4.2 Romanian reality and past experiences
The target of this paper – the Romanian health care system – inherits the problems and challenges of the
European one and adds a lot of others, specific to the country and the geopolitical region Romania belongs to. As
we know, the communist era set up a health system based on social accessibility and equal treatment of the
citizens, or at least these were the stated defining principles. It was financed from the national budget, which was
predictable and planned on a five-year basis, together with all the other sectors of economy or social assistance,
the resulted plan being compulsory (imposed by law) for everybody.

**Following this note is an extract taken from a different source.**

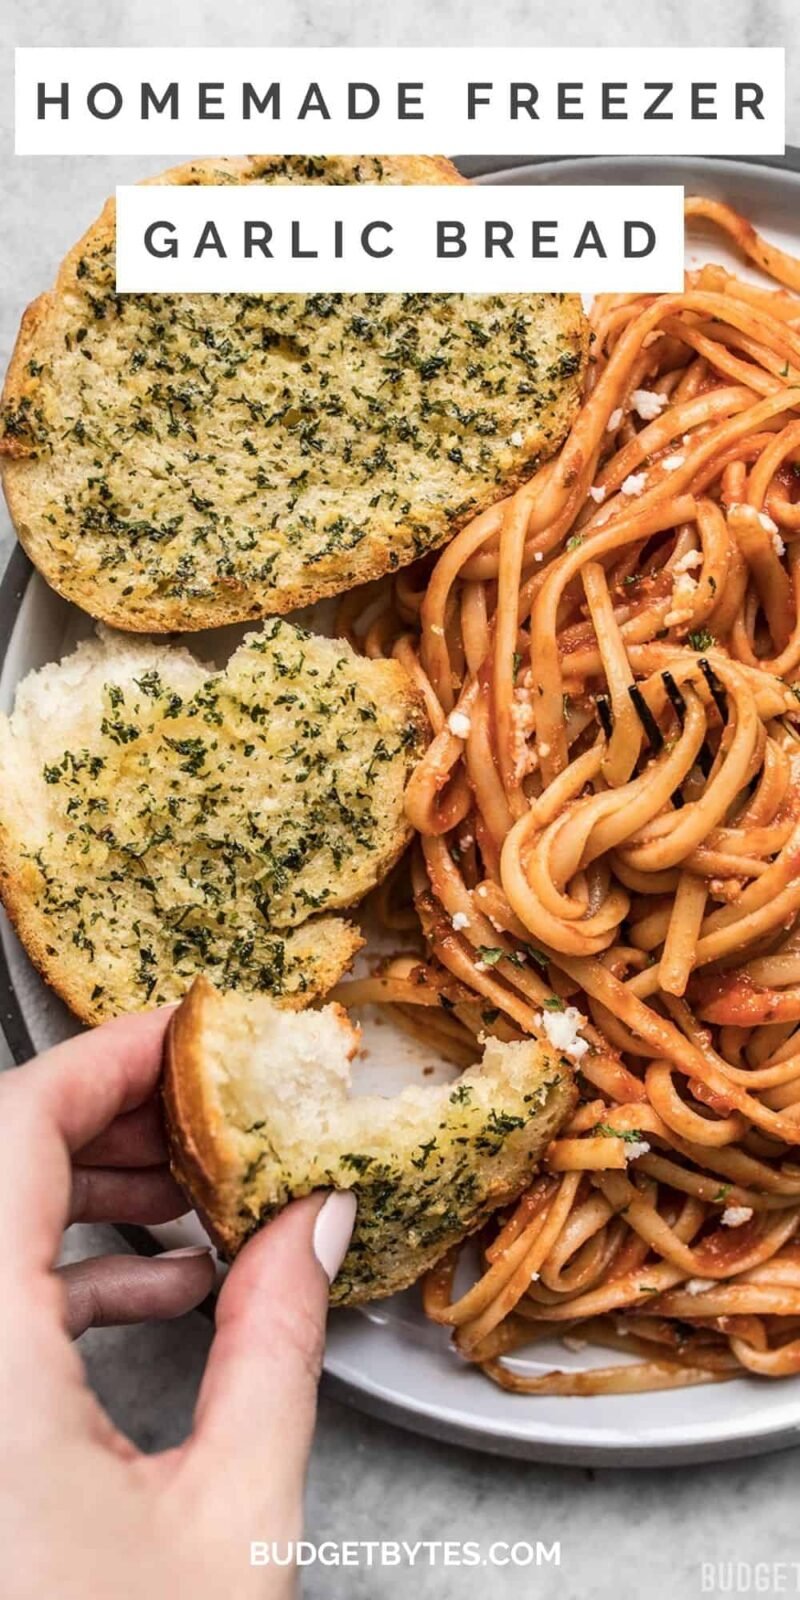 Pieces of garlic bread on a plate of pasta, title text at the top

We do not intend to debate how this system
worked, but to show that none of its existing conditions have been maintained until today. As a main
consequence, the structure of the health system must be totally redesigned which is definitely a long term,
strategic process. This is the main causes for which in the last two decades the health care system has been a
hybrid, at least in terms of resources. It means that the health contributions have been collected to a central fund,
administrated by the government, who has decided upon allocation, and established an upper limit of expenditure
always lower than the amount collected. This has caused a continuous crisis with some severe situations, such as
the late reimbursement by National Health Insurance Office of the expenditures with compensated medicines.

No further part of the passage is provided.